The office was closed for the Christmas holidays and all his colleagues were gone. He was weeding through trays of papers and packing books in cartons to take away when the telephone rang.

“I’m looking for Mikael Blomkvist,” said a hopeful but unfamiliar voice on the line.

“Speaking.”

“Forgive me for bothering you like this unannounced, so to speak. My name is Dirch Frode.” Blomkvist noted the name and the time. “I’m a lawyer, and I represent a client who would very much like to have a talk with you.”

“That’s fine, please ask your client to call me.”

“I mean that he wants to meet with you in person.”

“OK, make an appointment and send him up to the office. But you’d better hurry; I’m clearing out my desk right now.”

“My client would like you to visit him in Hedestad—it’s only three hours by train.”

Blomkvist pushed a filing tray aside. The media have the ability to attract the craziest people to call in perfectly absurd tips.

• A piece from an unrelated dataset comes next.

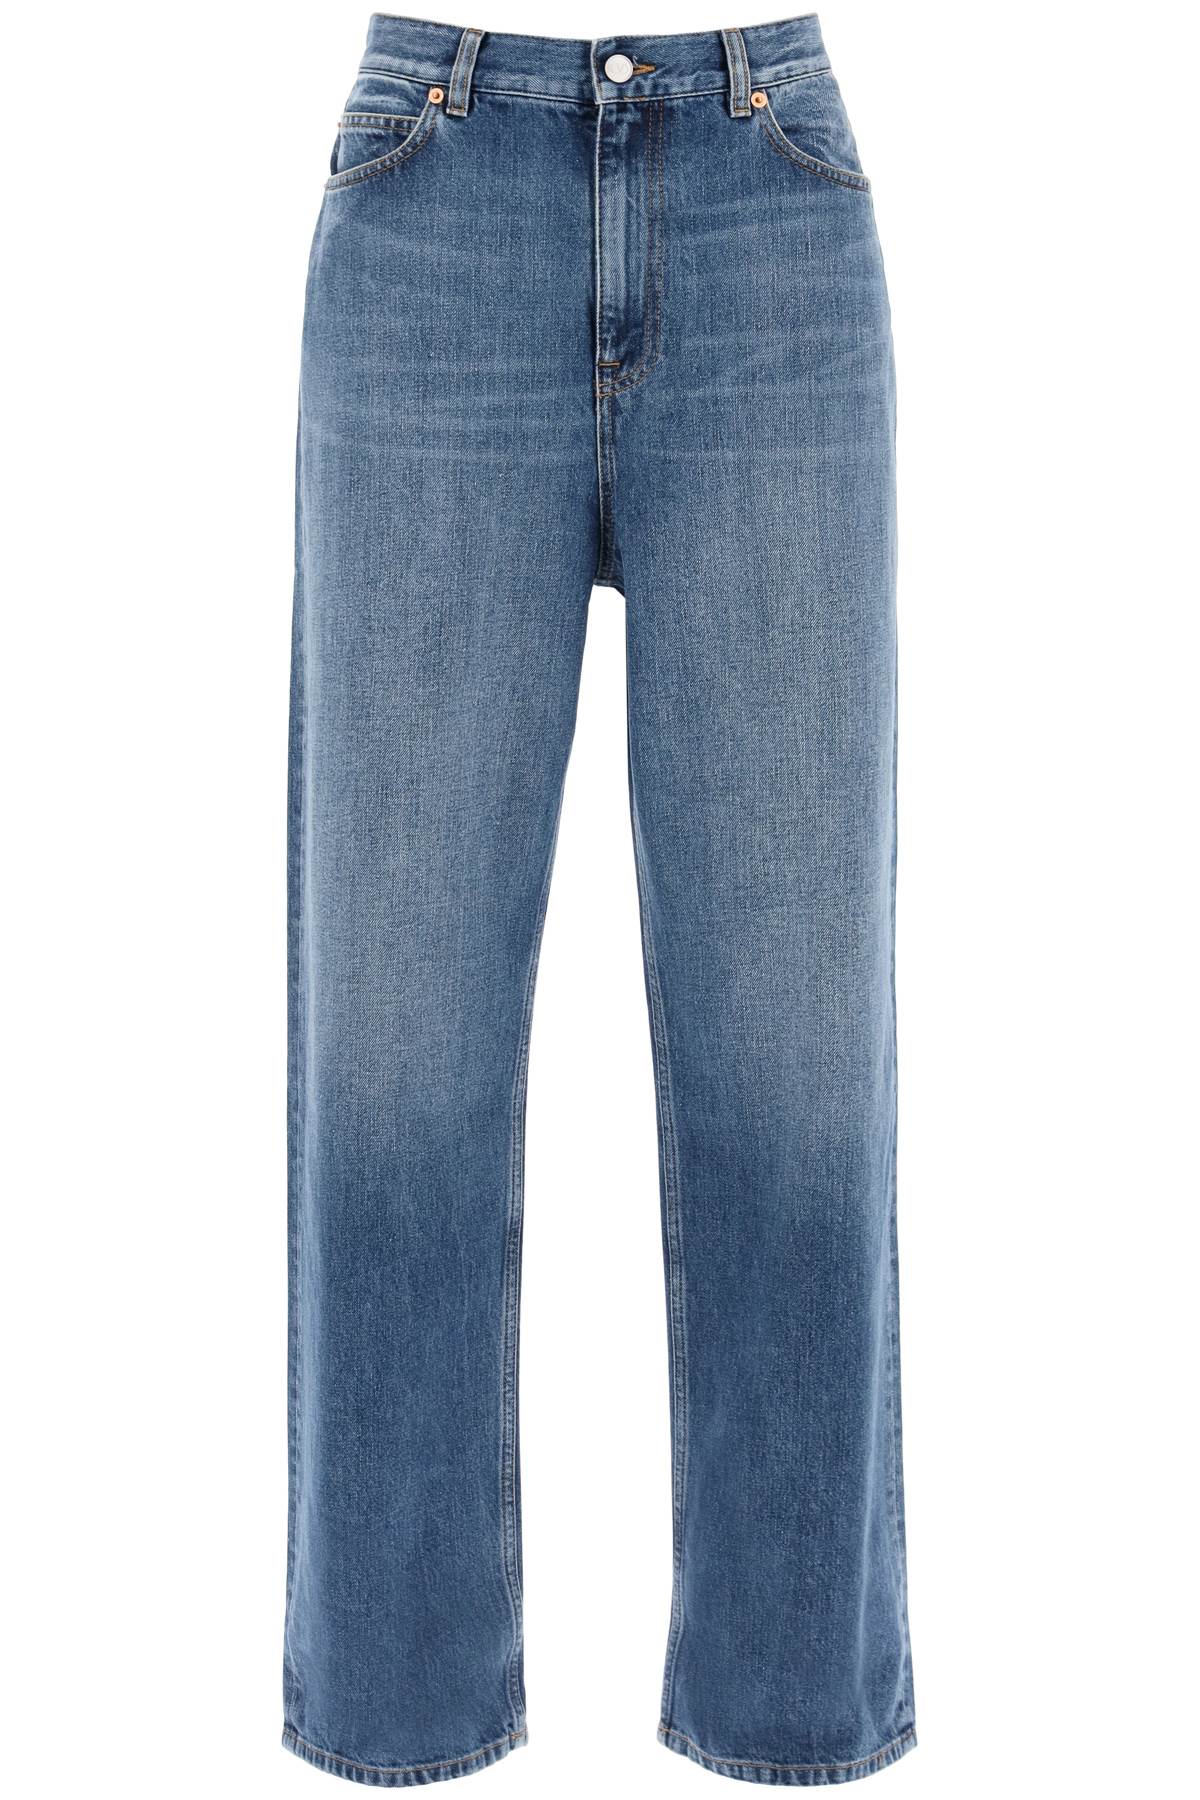 Valentino GARAVANI wide leg jeans - Blue

Every newsroom in the world gets updates from UFOlogists, graphologists, scientologists, paranoiacs, every sort of conspiracy theorist.

Blomkvist had once listened to a lecture by the writer Karl Alvar Nilsson at the ABF hall on the anniversary of the murder of Prime Minister Olof Palme. The lecture was serious, and in the audience were Lennart Bodström and other friends of Palme’s. But a surprising number of amateur investigators had turned up. One of them was a woman in her forties who during the Q and A had taken the proffered microphone and then lowered her voice to a barely audible whisper. This alone heralded an interesting development, and nobody was surprised when the woman began by claiming, “I know who murdered Olof Palme.” From the stage it was suggested somewhat ironically that if the woman had this information then it would be helpful if she shared it with the Palme investigation at once. She hurried to reply: “I can’t,” she said so softly it was almost impossible to hear. “It’s too dangerous!”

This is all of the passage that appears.